DATASET EXTRACT →
________________________________________
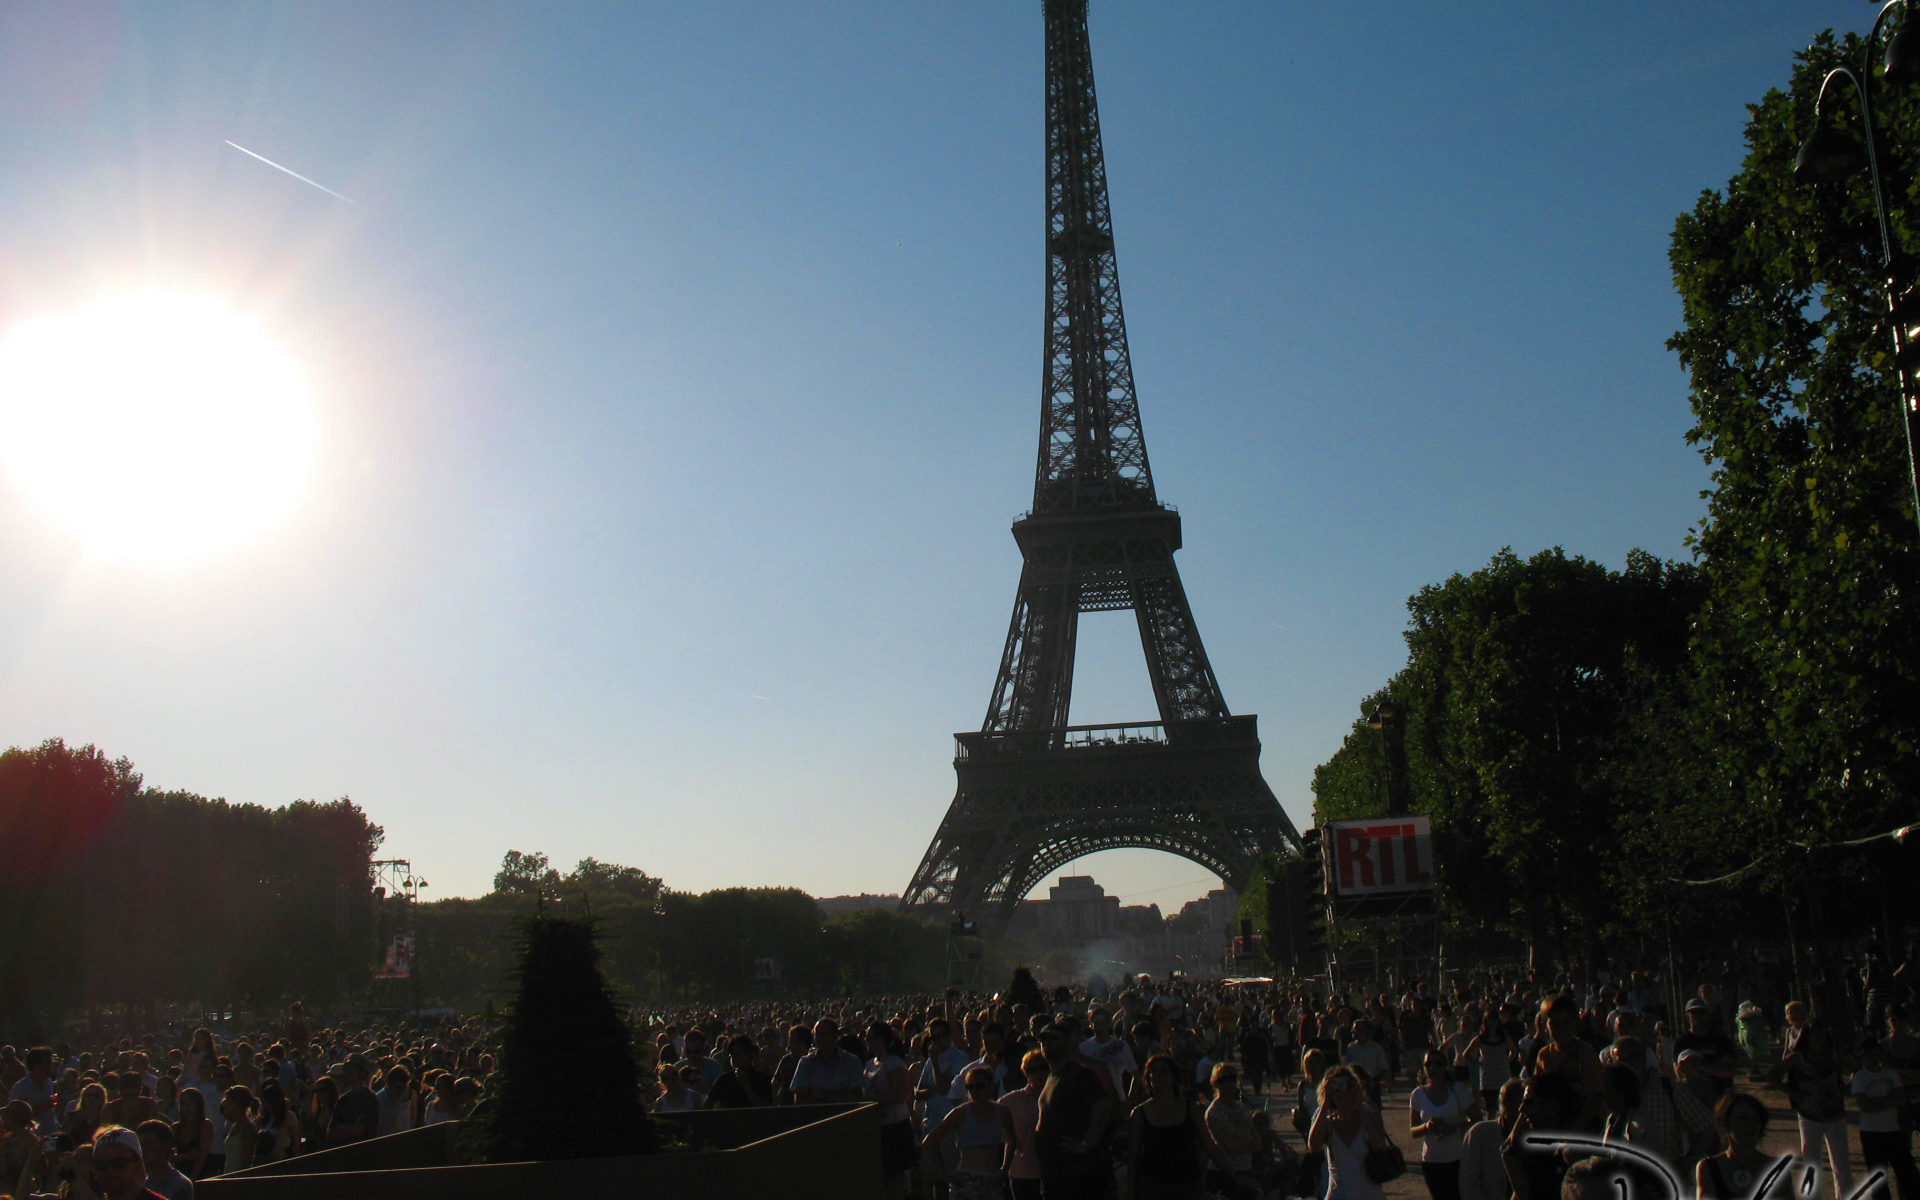 The crowd near the Eiffel Tower
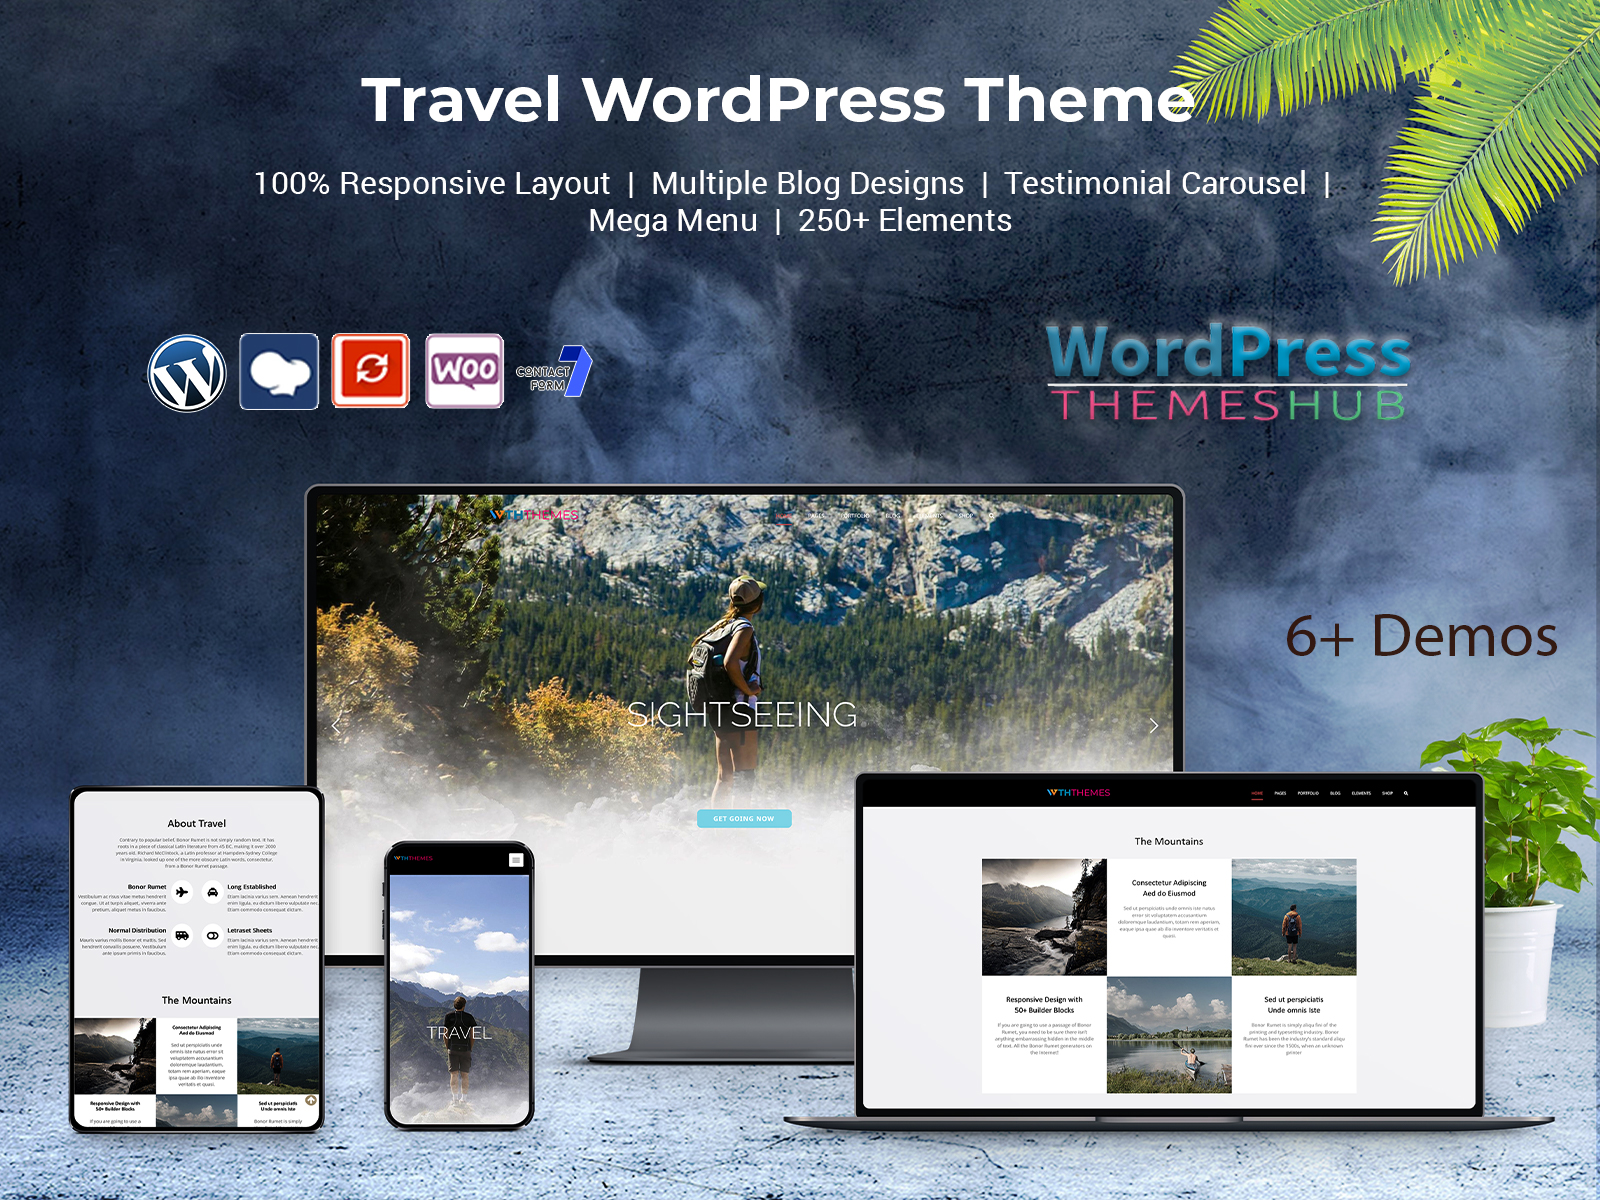 Travel WordPress Theme For Travel Agencies Websites
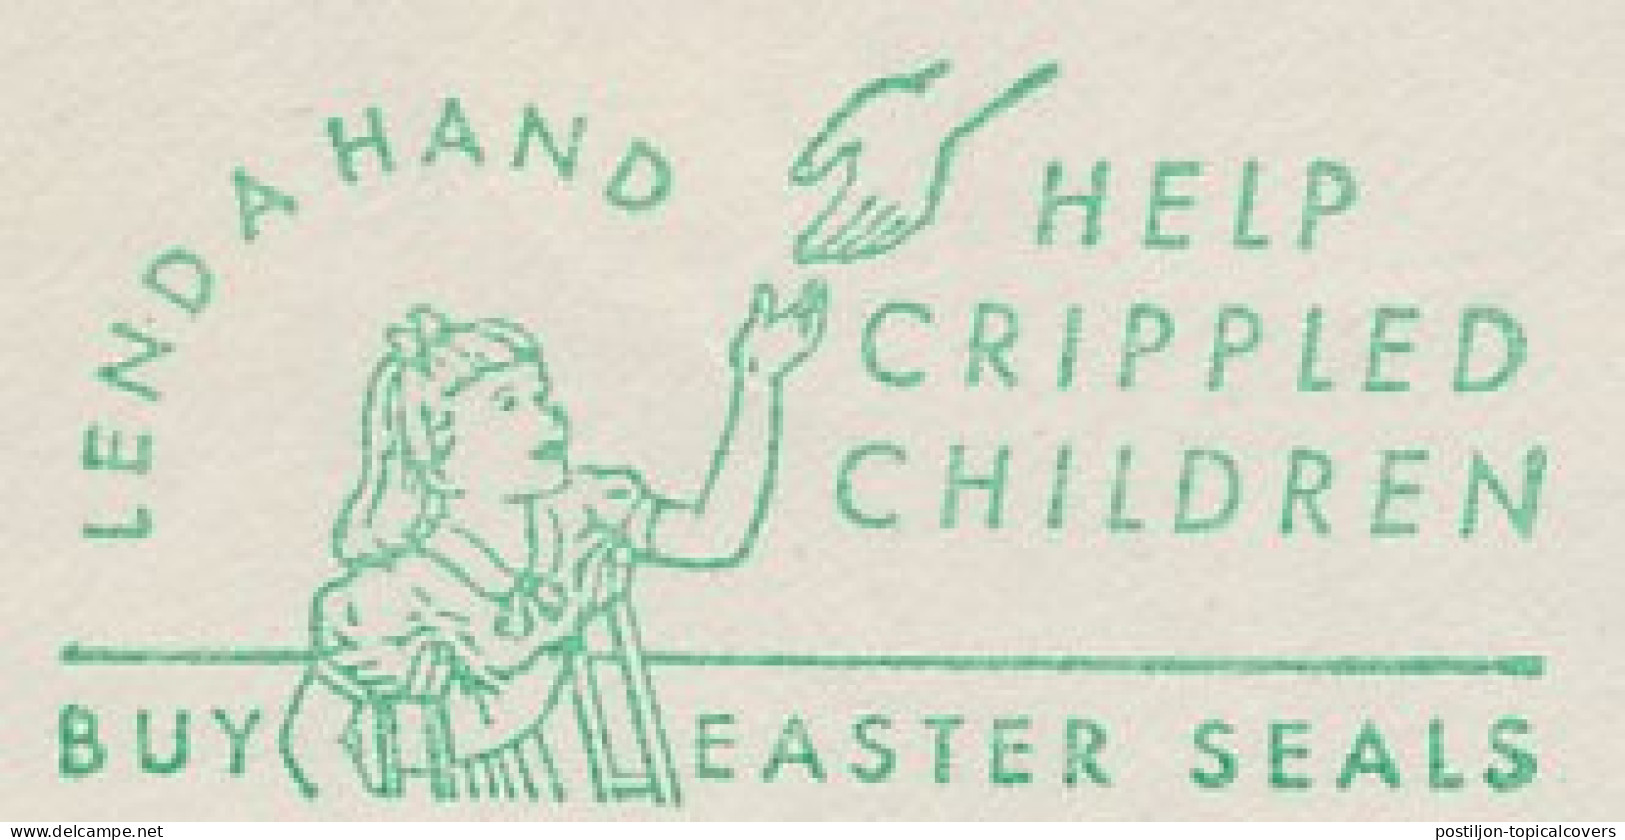 Meter Cut USA 1952 Crippled Childeren - Easter Seals - Handicaps
________________________________________
YOUR INSTRUCTIONS →
Would you return all the data exactly as given, minus the pictures?

REPLY TO THE TASK →
 The crowd near the Eiffel Tower
 Travel WordPress Theme For Travel Agencies Websites
 Meter Cut USA 1952 Crippled Childeren - Easter Seals - Handicaps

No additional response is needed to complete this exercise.